Ancak bu kitabı gerçekten öne çıkaran şey, Khatwa’nın kişisel dokunuşudur. Çalıştığı çevre sektörünün Birleşik Krallık’ta en az çeşitlilik gösteren alanlardan biri olduğu gerçeğinden çekinmeden, kendi annelik ve inanç deneyimlerini paylaşarak bize kırılganlık sunuyor.
Kendisini nasıl “çalıştığım ortamların beyazlığıyla farklı bir insana dönüştüğünü”, kültürel ve manevi kimliğinin bilimsel kimliğinin ardından ikinci planda tuttuğunu anlatıyor. Bu kitap, bu ikiliği dengelemeye çalışan herkesin yanı sıra onu anlamak isteyenlerin de mutlaka okuması gereken bir kitap.

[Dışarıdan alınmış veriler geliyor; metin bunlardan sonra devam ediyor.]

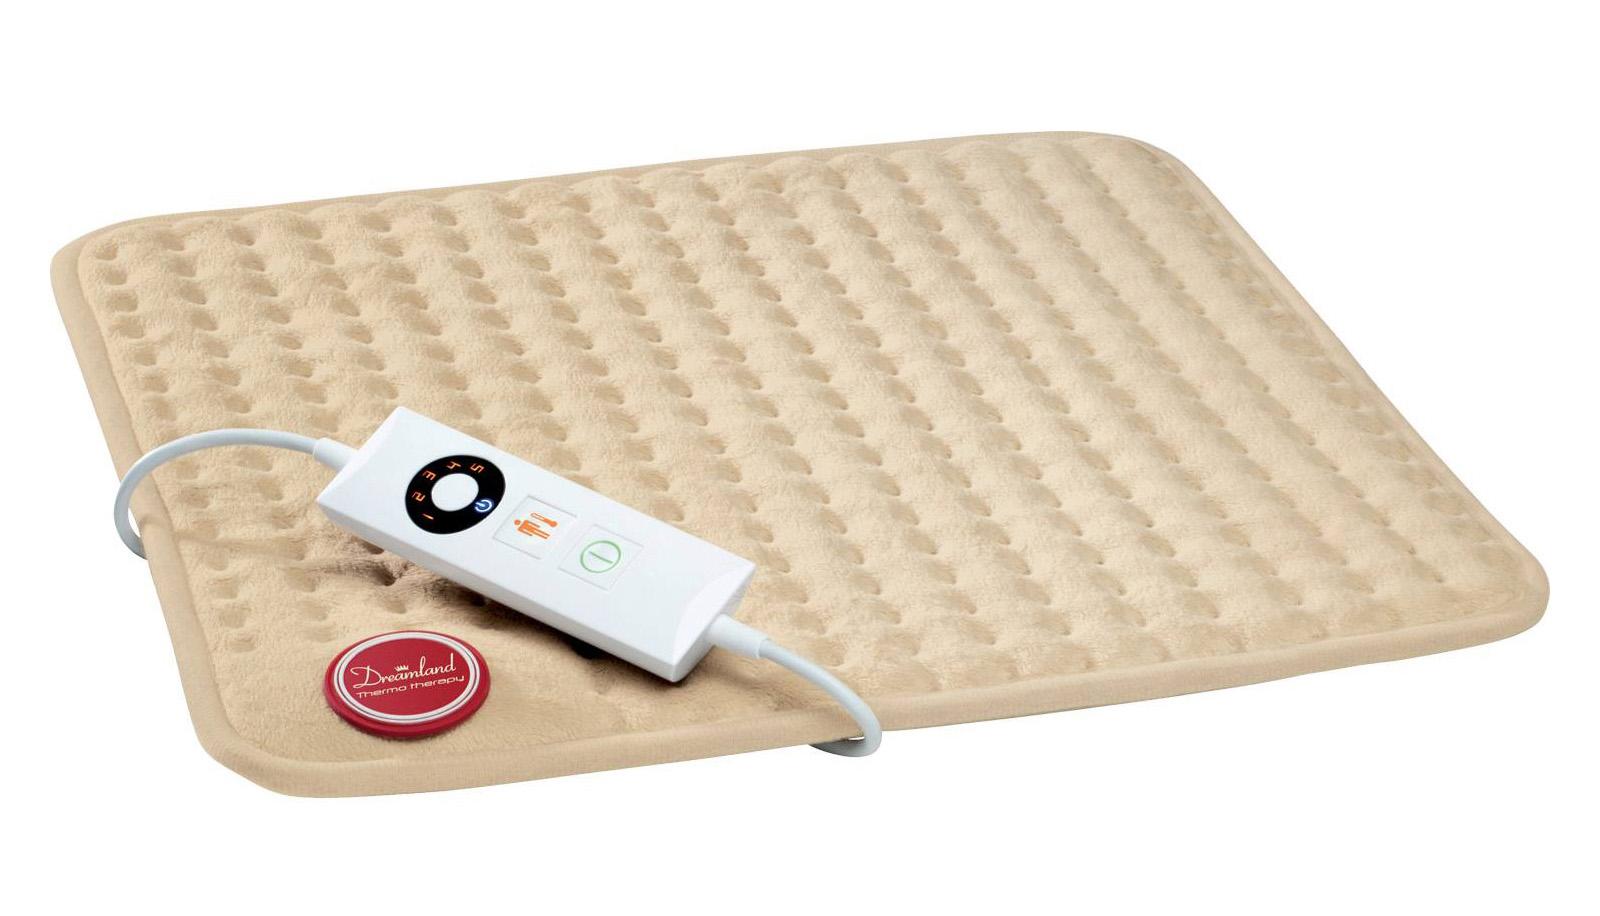 dreamland electric blanket washing instructions

Kayalarına sımsıkı tutunan ve ait olma ve ait olmama alanlarında yön değiştiren Khatwa’yı alkışlıyoruz.
Kayanın Fısıltıları O kadar bilgiyle dolu ki, her bölüm bir adım uzaklaşıp onu işlemenizi gerektiriyor. Khatwa aynı zamanda kasıtlı olarak kışkırtıcıdır ve kitabın başından itibaren bilim ve maneviyat arasındaki ittifakın bazı okuyucularda rahatsızlığa ve şaşkınlığa neden olabileceğini, çünkü bu insanların alışık olduğu bir şey olmadığını kabul etmektedir. Ancak bu potansiyel olarak bölücü yaklaşım, gerçekten düşündürücü bir yolculuk için bir katalizördür.
Dhruti Shah, Londra’da yaşayan serbest çalışan bir gazetecidir.